Let me know if you have had success with this headcollar, or any other similar products on the market.


----------



## flyingfeet (4 April 2006)

The dually works very well, but remember you'll still need to use correct technique to get the hrose to trust you

However quite a few come with free dvd (cheapest place to buy is www.cotswoldsport.co.uk @ £30)

However a Be-Nice can be useful for horses that are being difficult rather than frightened (we have a really grumpy hanoverian mare that simply likes being awkward)

I use both headcollars and also lunge in my dually.


----------



## dixie (4 April 2006)

I found the Dually works really well but again my horse is bolshy rather than frightened.  

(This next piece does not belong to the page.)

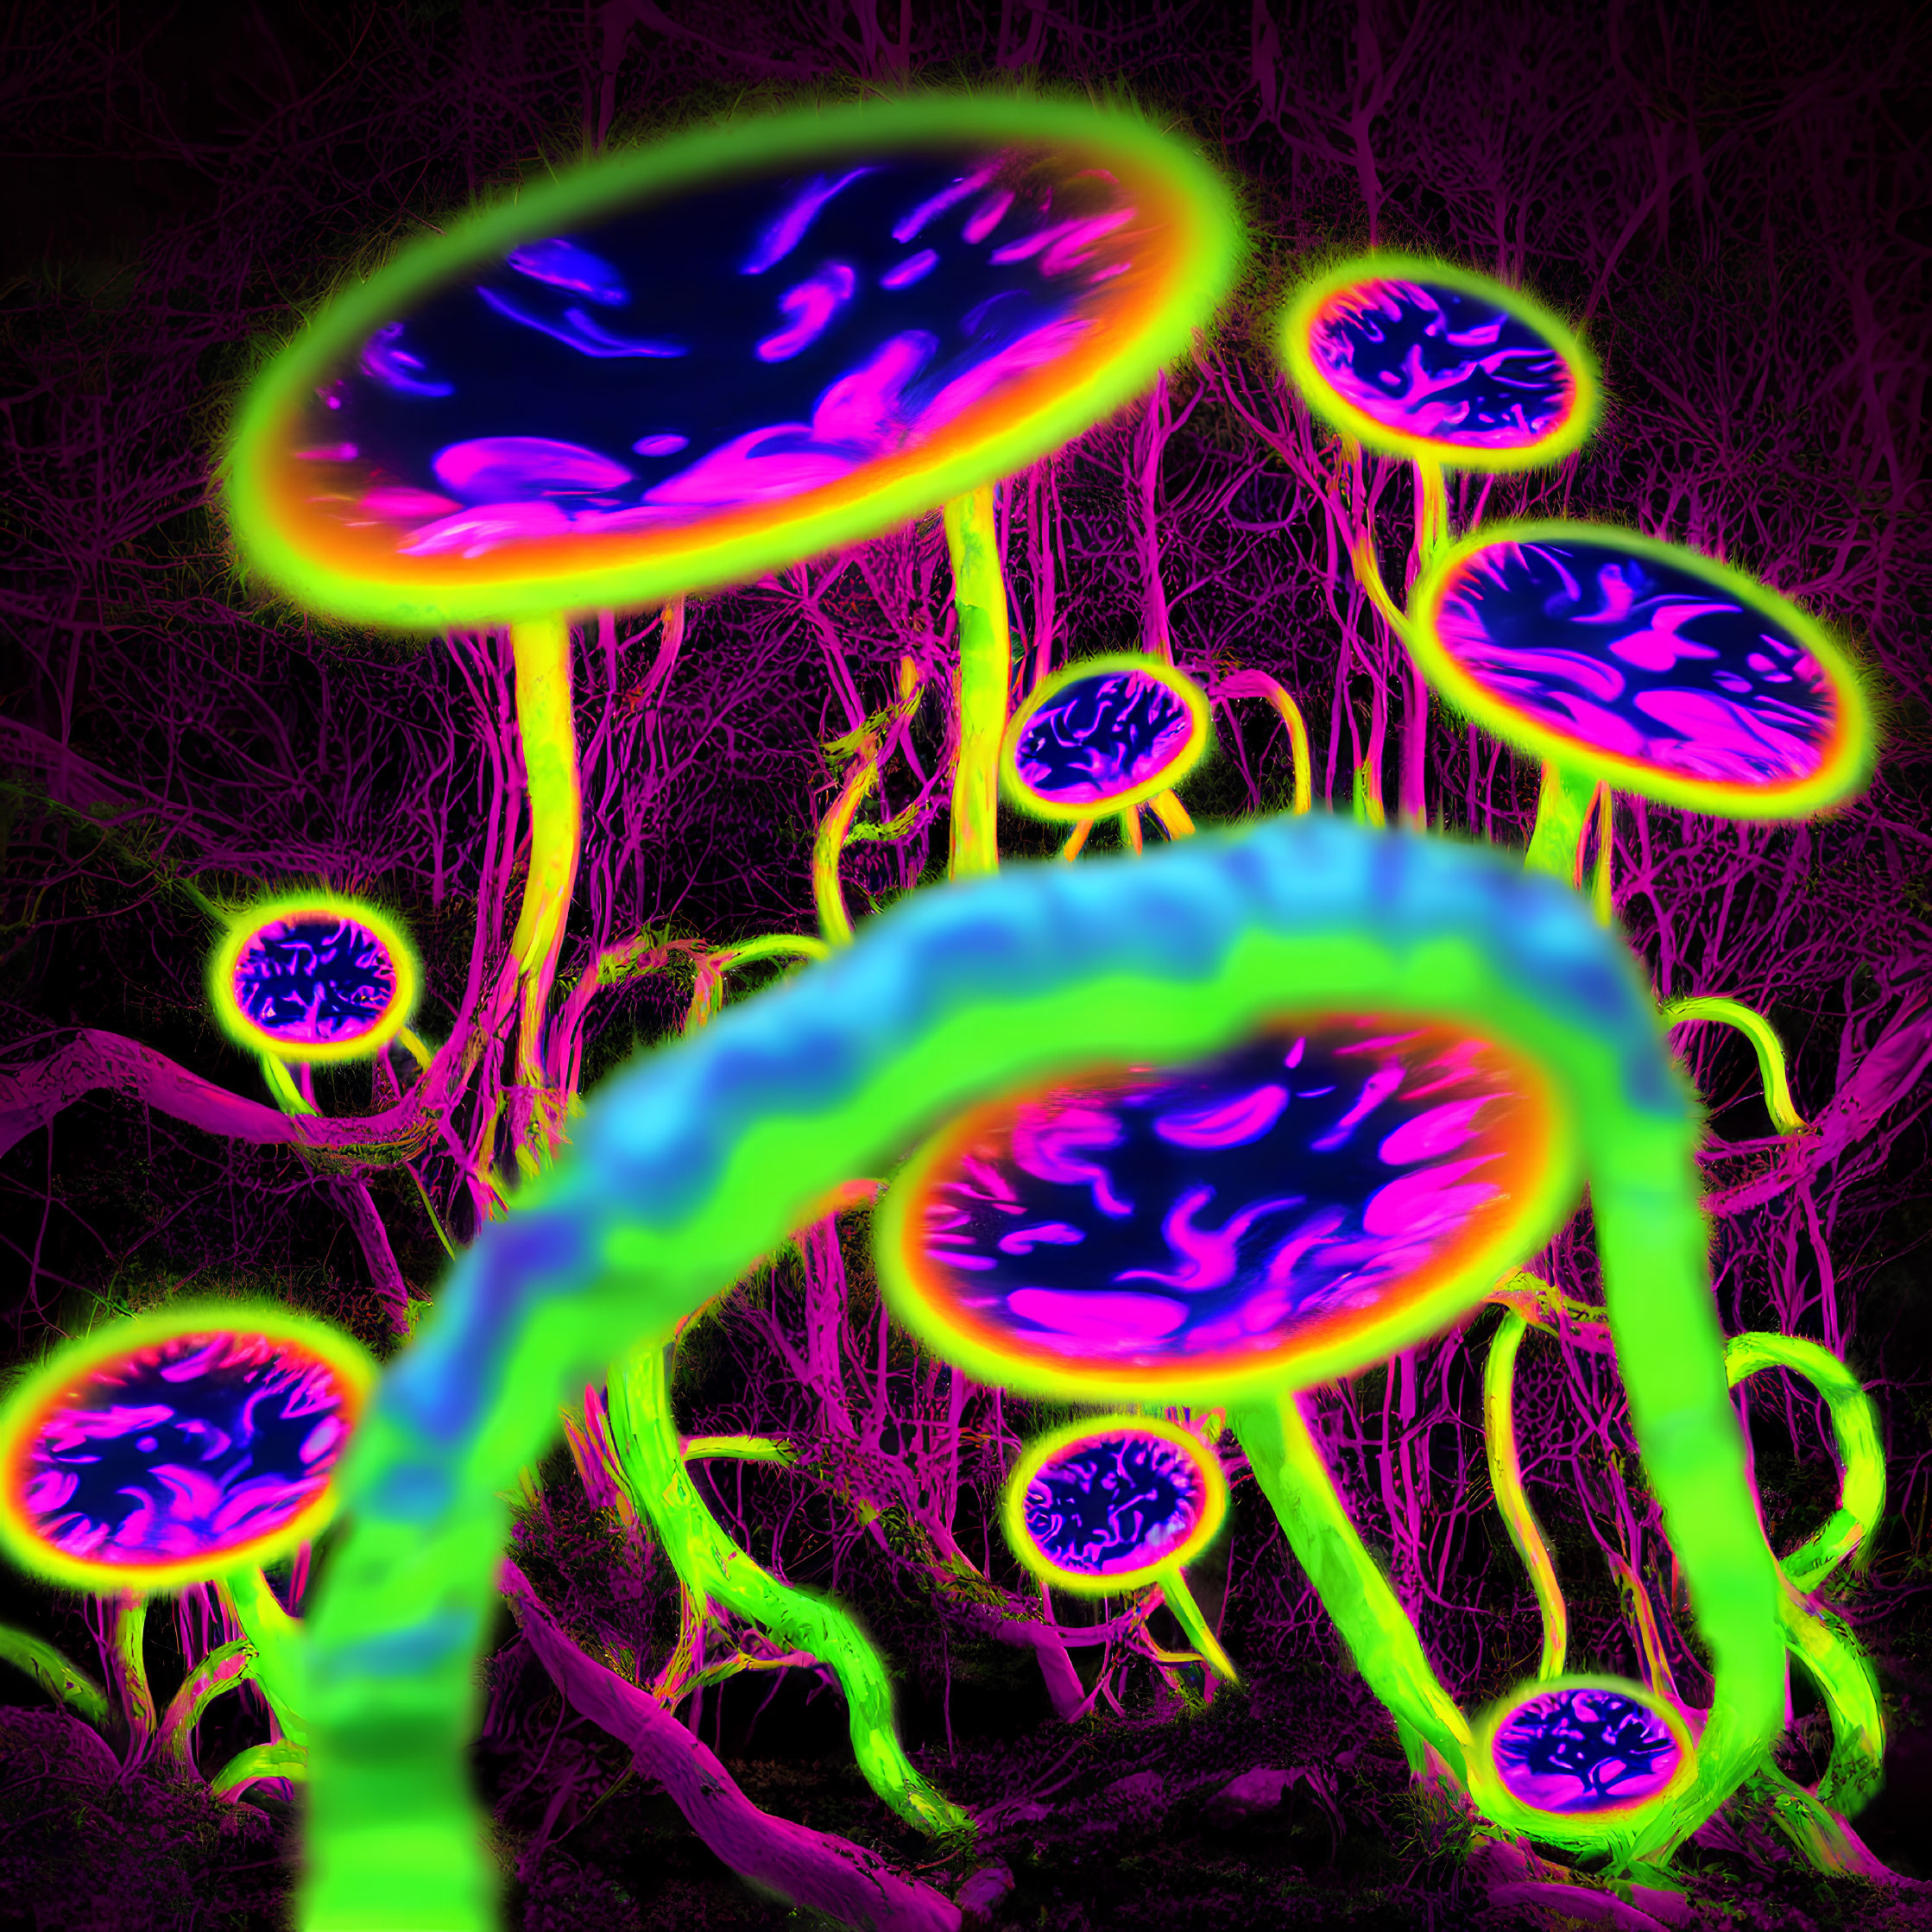 Neon-colored mushroom-like forms on dark background

I agree with CotswoldSJ about using the correct technique&gt; I used the Kelly Marks technique (I think?) of pushing them away and bringing them forward etc on another horse &amp; this worked wonders about getting him in the trailer. 

It's worth a try.


----------



## steffielu (4 April 2006)

thanku very much!! im going to get the video that shows how to use it so i know what to do! i want a better way of communicating with him, hes not bolshy just gets a bit panicky and nervous in awkward situations, but the rest of the time hes very very friendly and follows me round like a dog!! bless.


----------



## flyingfeet (4 April 2006)

In that case definitely a Dually rather than a Be-Nice

On sizing they come up rather large, so even on ours that take a full a cob was fine. 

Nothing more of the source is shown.